* **Problem to work on**
Your output must be the lines below from the line containing "日本丸 帆船 精密帆船模型" to the line containing "Как установить газовое", both lines included, reproduced exactly and without pictures.

(Data provided begins)

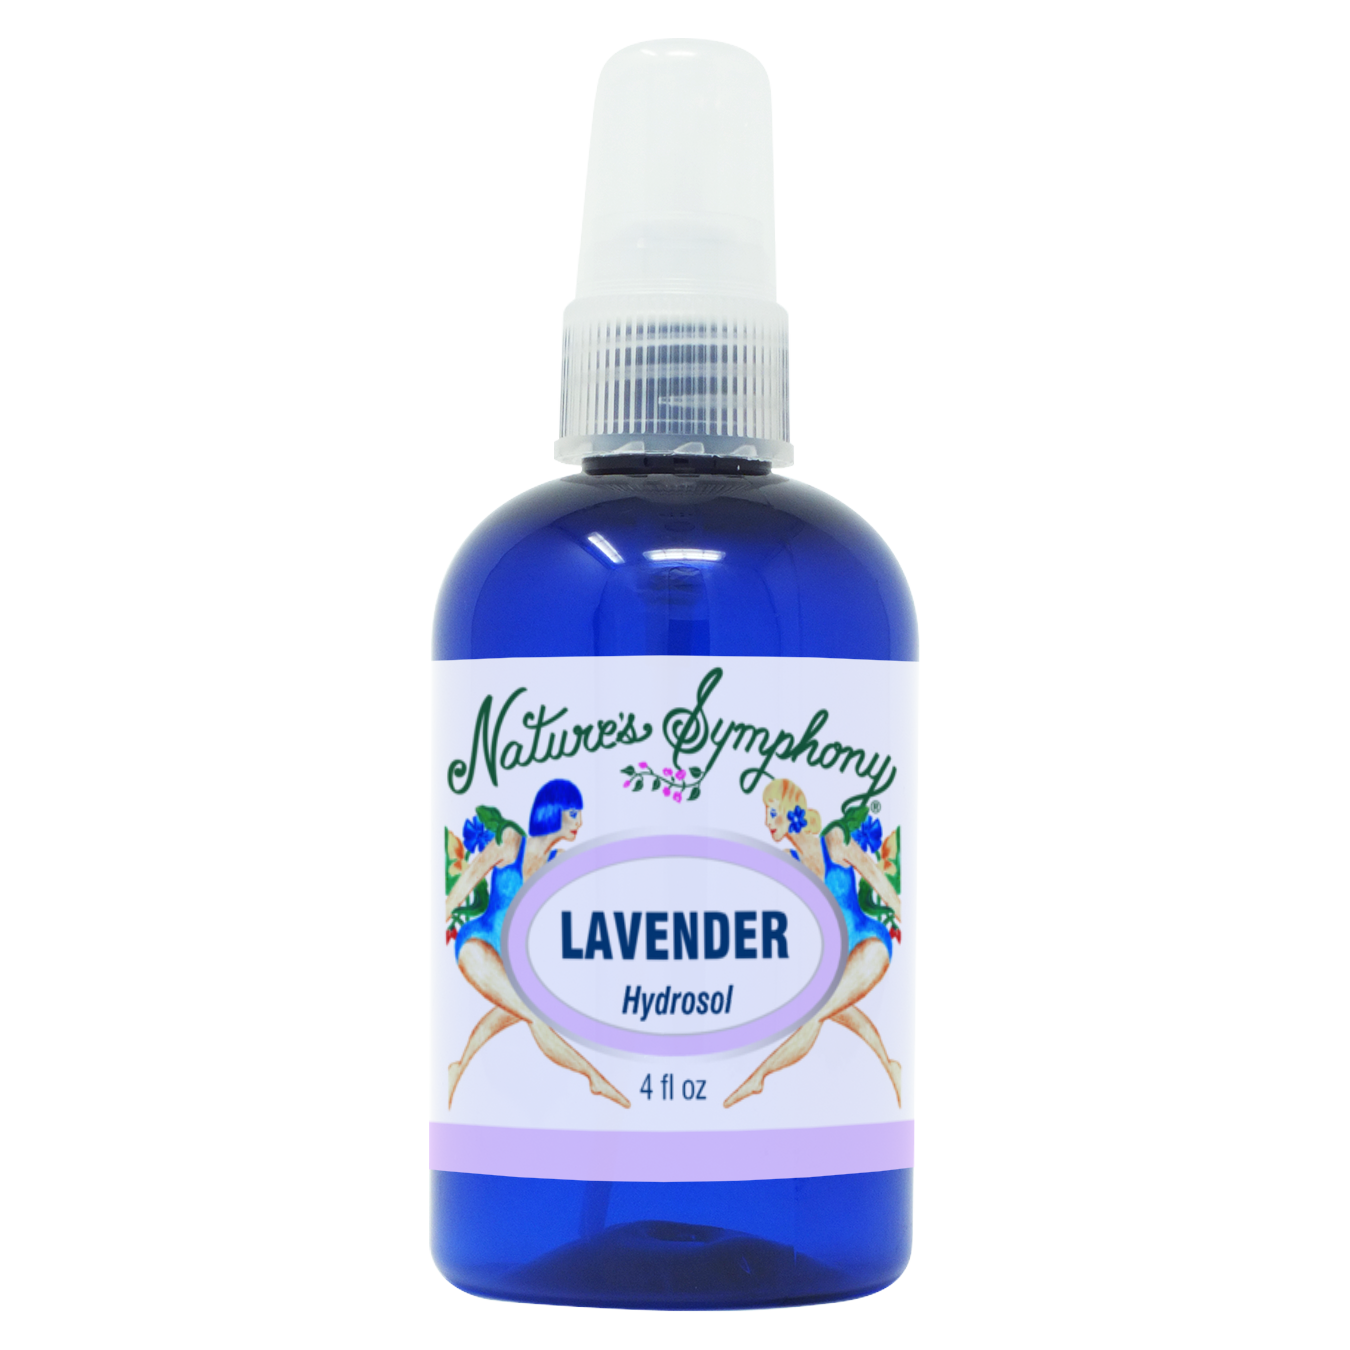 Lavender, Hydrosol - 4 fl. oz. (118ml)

(Data provided ends)
(Data provided begins)

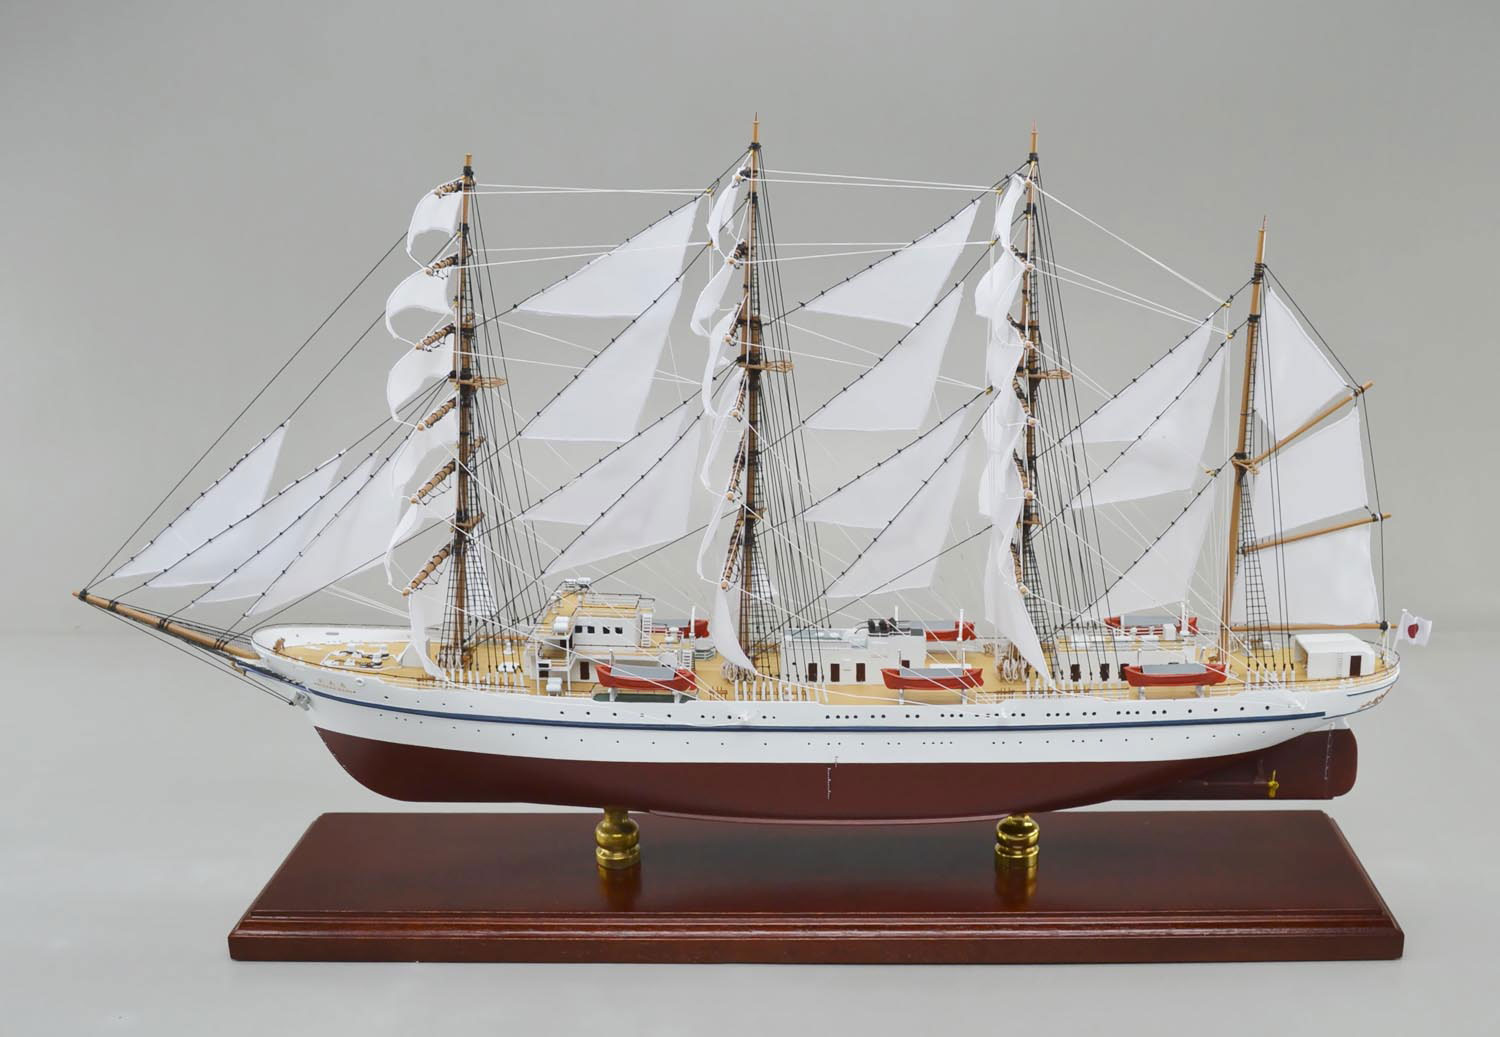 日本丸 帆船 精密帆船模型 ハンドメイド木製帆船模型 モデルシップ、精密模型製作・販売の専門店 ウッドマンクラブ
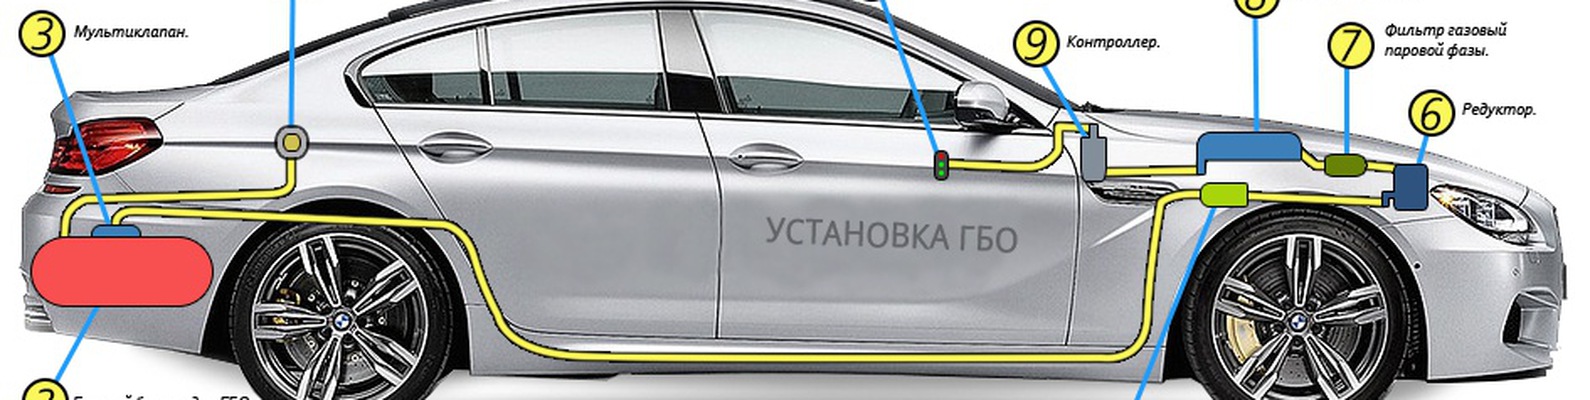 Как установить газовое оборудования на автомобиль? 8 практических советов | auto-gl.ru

(Data provided ends)

* **Solution for this problem**
 日本丸 帆船 精密帆船模型 ハンドメイド木製帆船模型 モデルシップ、精密模型製作・販売の専門店 ウッドマンクラブ
 Как установить газовое оборудования на автомобиль? 8 практических советов | auto-gl.ru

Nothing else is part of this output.